I am trying to learn how to work with text data through sklearn and am running into an issue that I cannot solve.
The tutorial I'm following is: http://scikit-learn.org/stable/tutorial/text_analytics/working_with_text_data.html
The input is a pandas df with two columns. One with text, one with a binary class.
Code:
from sklearn.feature_extraction.text import CountVectorizer, TfidfTransformer
from sklearn.naive_bayes import MultinomialNB
from sklearn.pipeline import Pipeline
traindf, testdf = train_test_split(nlp_df, stratify=nlp_df['class'])
x_train = traindf['text']
x_test = traindf['text']
y_train = traindf['class']
y_test = testdf['class']
# CV
count_vect = CountVectorizer(stop_words='english')
x_train_modified = count_vect.fit_transform(x_train)
x_test_modified = count_vect.transform(x_test)
# TF-IDF
idf = TfidfTransformer()
fit = idf.fit(x_train_modified)
x_train_mod2 = fit.transform(x_train_modified)
# MNB
mnb = MultinomialNB()
x_train_data = mnb.fit(x_train_mod2, y_train)
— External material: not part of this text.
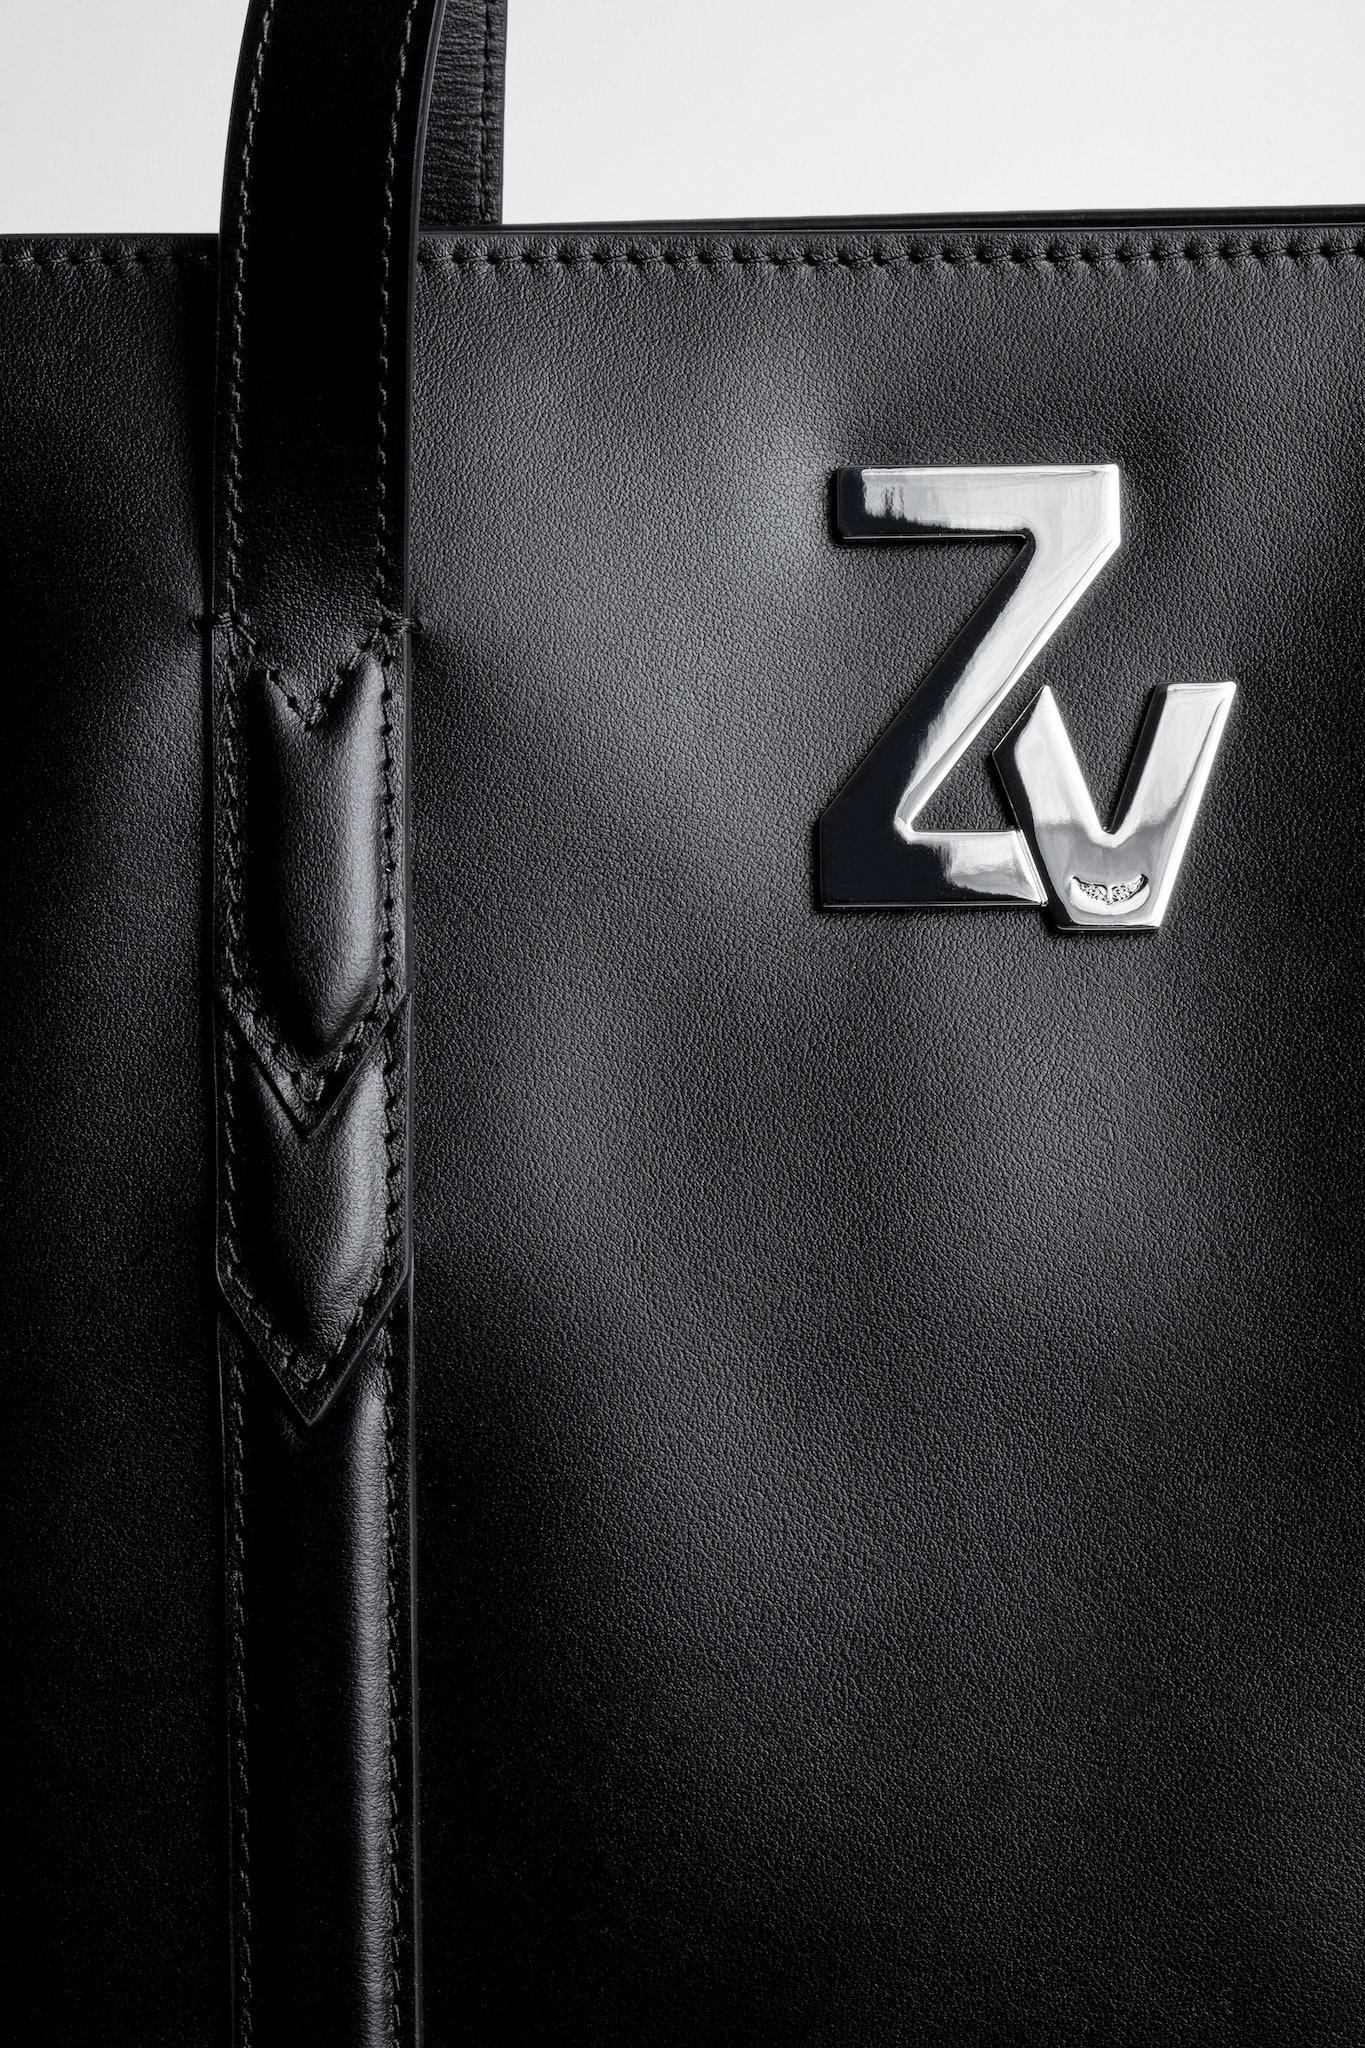 Borsa ZV Initiale Le Tote

text_clf = Pipeline([('vect', CountVectorizer()),
('tfidf', TfidfTransformer()),
('clf', MultinomialNB()),
])
predicted = text_clf.predict(x_test_modified)
When I try to run the last line:
---------------------------------------------------------------------------
NotFittedError Traceback (most recent call last)
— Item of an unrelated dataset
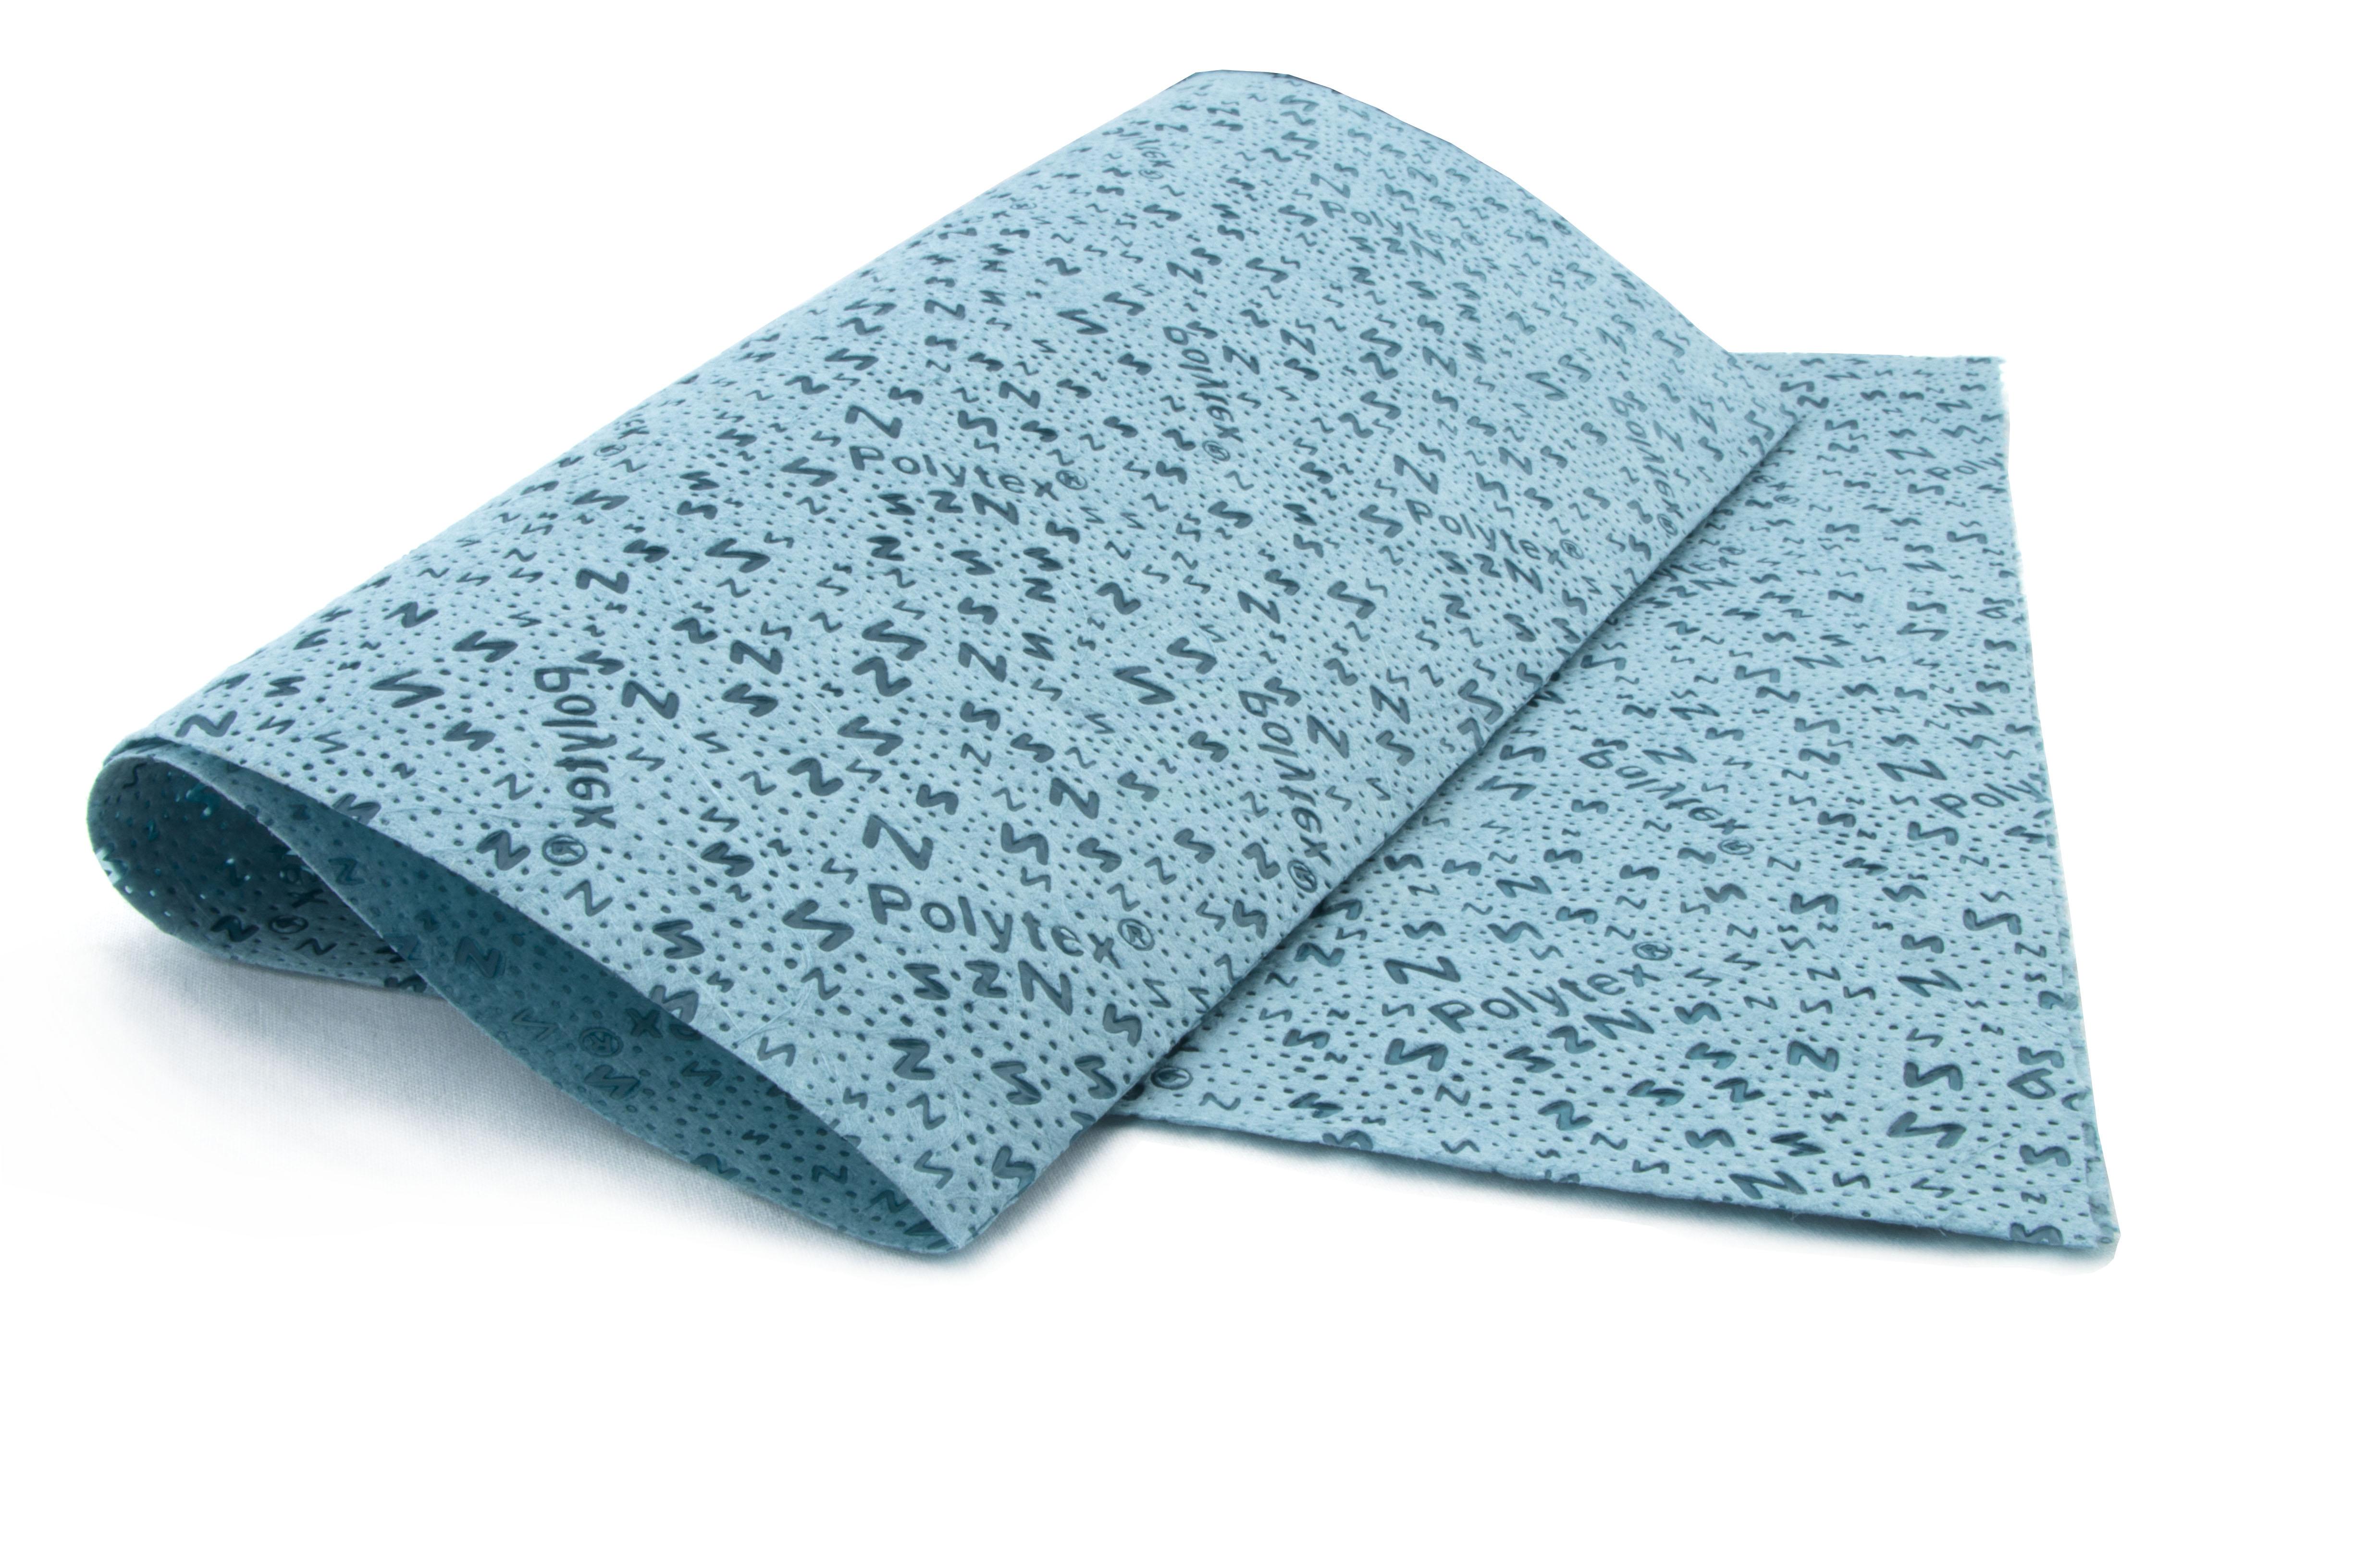 Putzpapier Polytex für Nassreinigung 42x40cm

<ipython-input-64-8815003b4713> in <module>()
----> 1 predicted = text_clf.predict(x_test_modified)
~/anaconda3/lib/python3.6/site-packages/sklearn/utils/metaestimators.py in <lambda>(*args, **kwargs)
113
114 # lambda, but not partial, allows help() to work with update_wrapper
--> 115 out = lambda *args, **kwargs: self.fn(obj, *args, **kwargs)
116 # update the docstring of the returned function
117 update_wrapper(out, self.fn)
~/anaconda3/lib/python3.6/site-packages/sklearn/pipeline.py in predict(self, X)
304 for name, transform in self.steps[:-1]:
305 if transform is not None:
--> 306 Xt = transform.transform(Xt)
307 return self.steps[-1][-1].predict(Xt)
308
~/anaconda3/lib/python3.6/site-packages/sklearn/feature_extraction/text.py in transform(self, raw_documents)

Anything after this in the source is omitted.